Ainsi en va-t-il de notre interprétation du Grand Simulacre, le Russiagate, qui ne veut pas mourir, au contraire qui veut se développer plus que jamais. Cohen a raison : cette extraordinaire situation « a créé une “catastrophe” pour la politique intérieure et les relations étrangères, qui menace l'avenir du système américain » Nous-mêmes, nous ne cessons de le répéter, tandis que tous nos brillants éditorialistes européens/parisiens s’exclament d’extase devant les résultats économiques absolument ébouriffants, puisqu’absolument faussaires, qui tracent la trajectoire foudroyante de Donald Trump.

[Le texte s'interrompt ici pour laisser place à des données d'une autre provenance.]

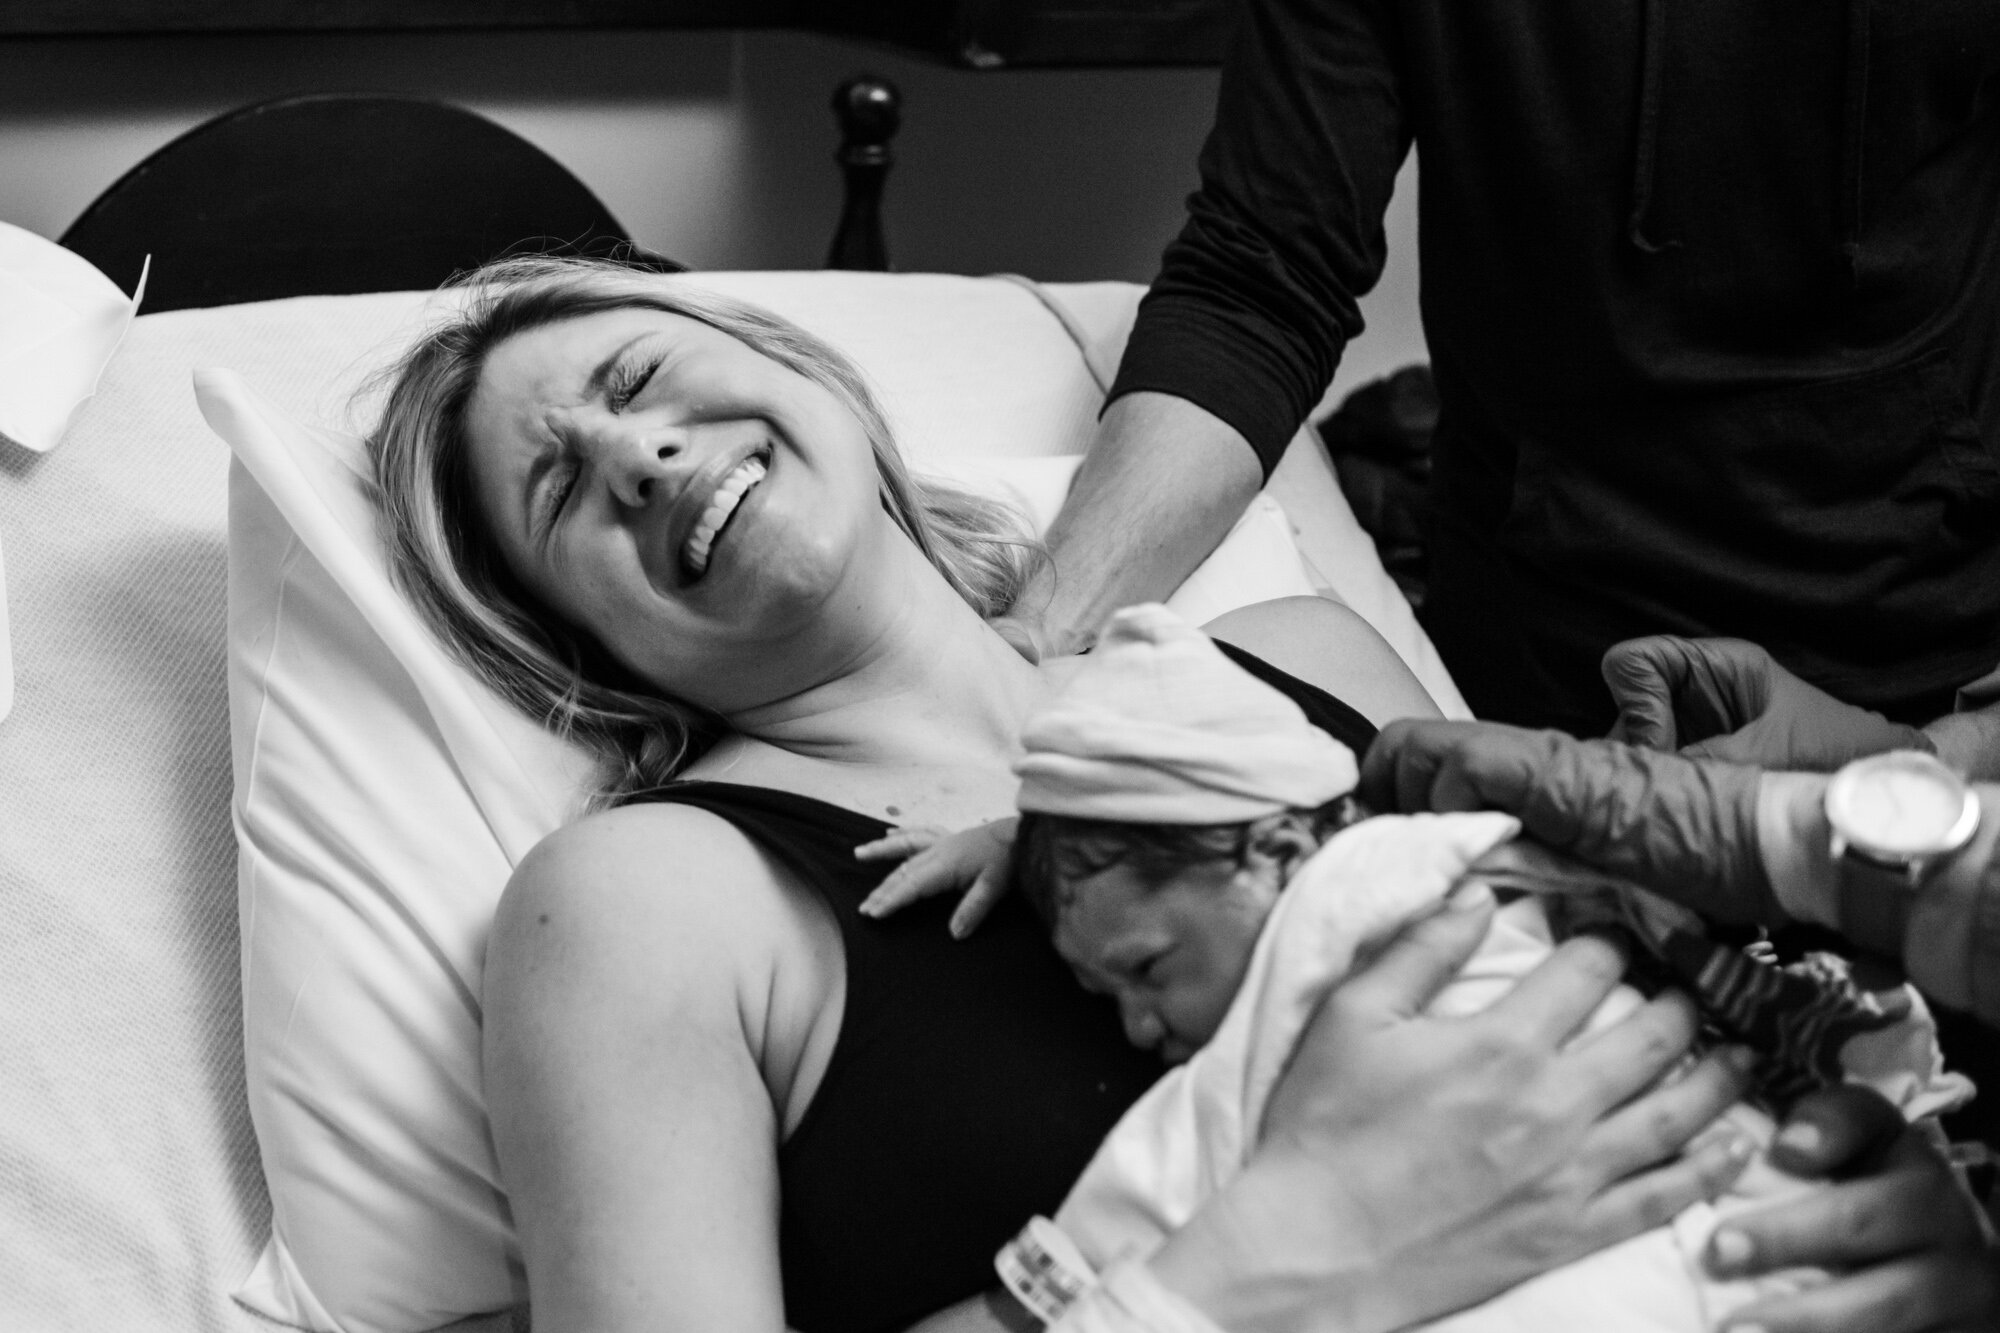 jacksonville mom laughing with joy after baby is born
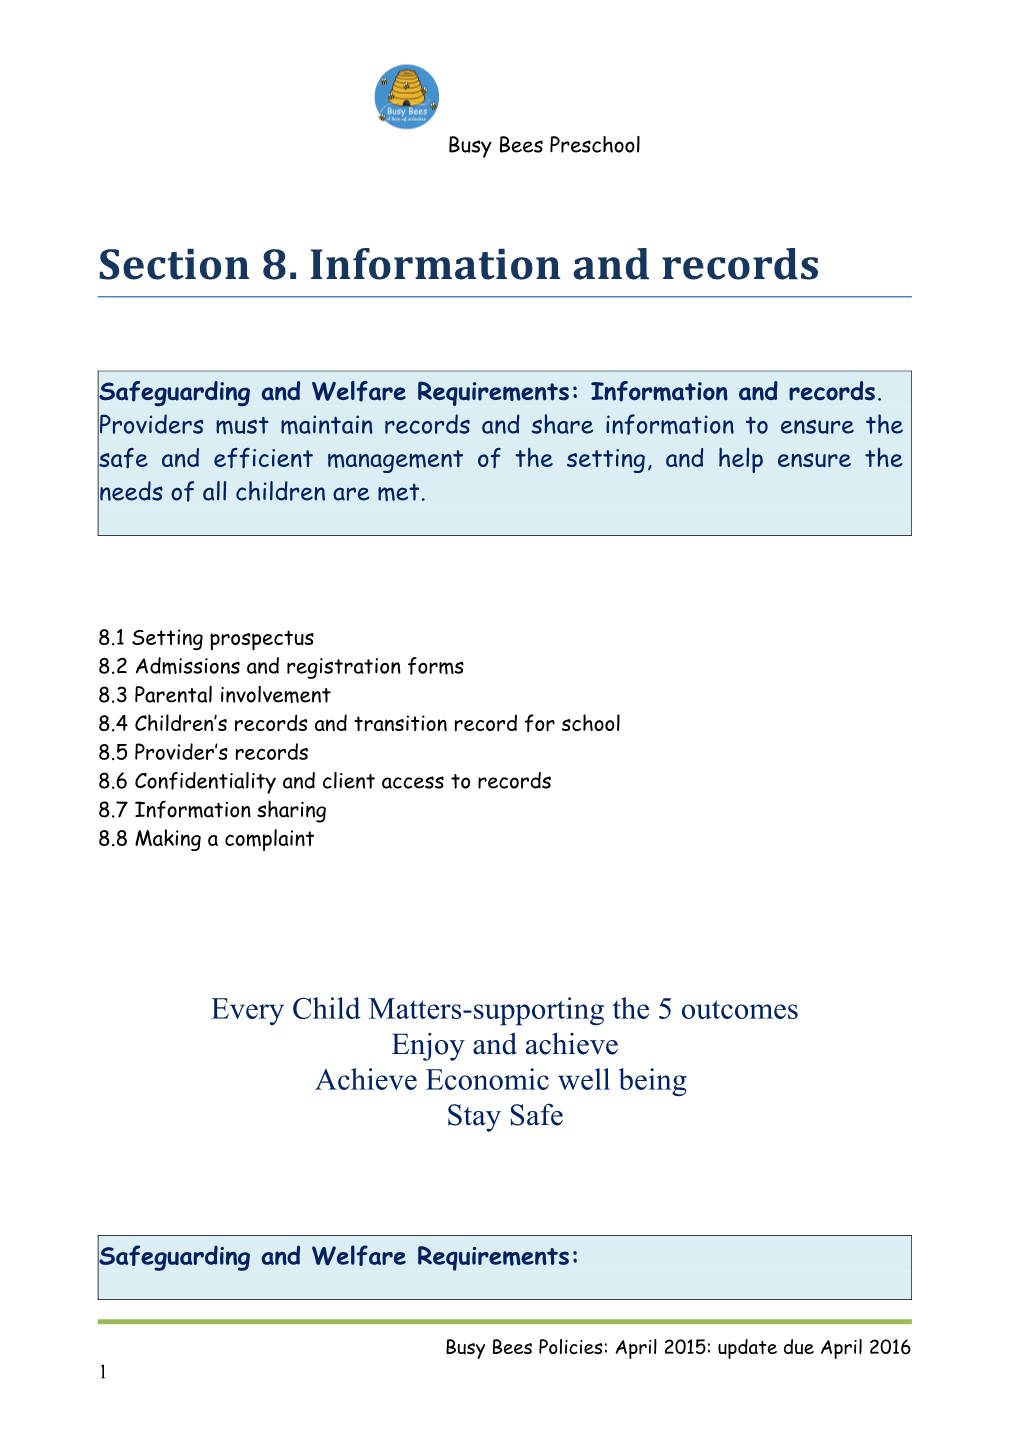 Section 8. Information and Records

Le pauvre Stephen Cohen, cet homme si brillant, devant l’un des meilleurs journalistes de sa générations, Chris Hedges, tout cela sous les auspices d’un réseau russe, pleure l’épouvantable destin de la Grande République. Effectivement, elle se flinguera toute seule dans ses représentations fantasmagoriques, et alors résonnera, une fois de plus, la fameuse adresse du non moins fameux Abraham Lincoln (il y a longtemps que nous ne l’avions cité, celui-là) :

« Si la destruction devait un jour nous atteindre, nous devrions en être nous-mêmes les premiers et les ultimes artisans. En tant que nation d’hommes libres, nous devons éternellement survivre, ou mourir en nous suicidant »… Tu l’as donc bien dit, Abe.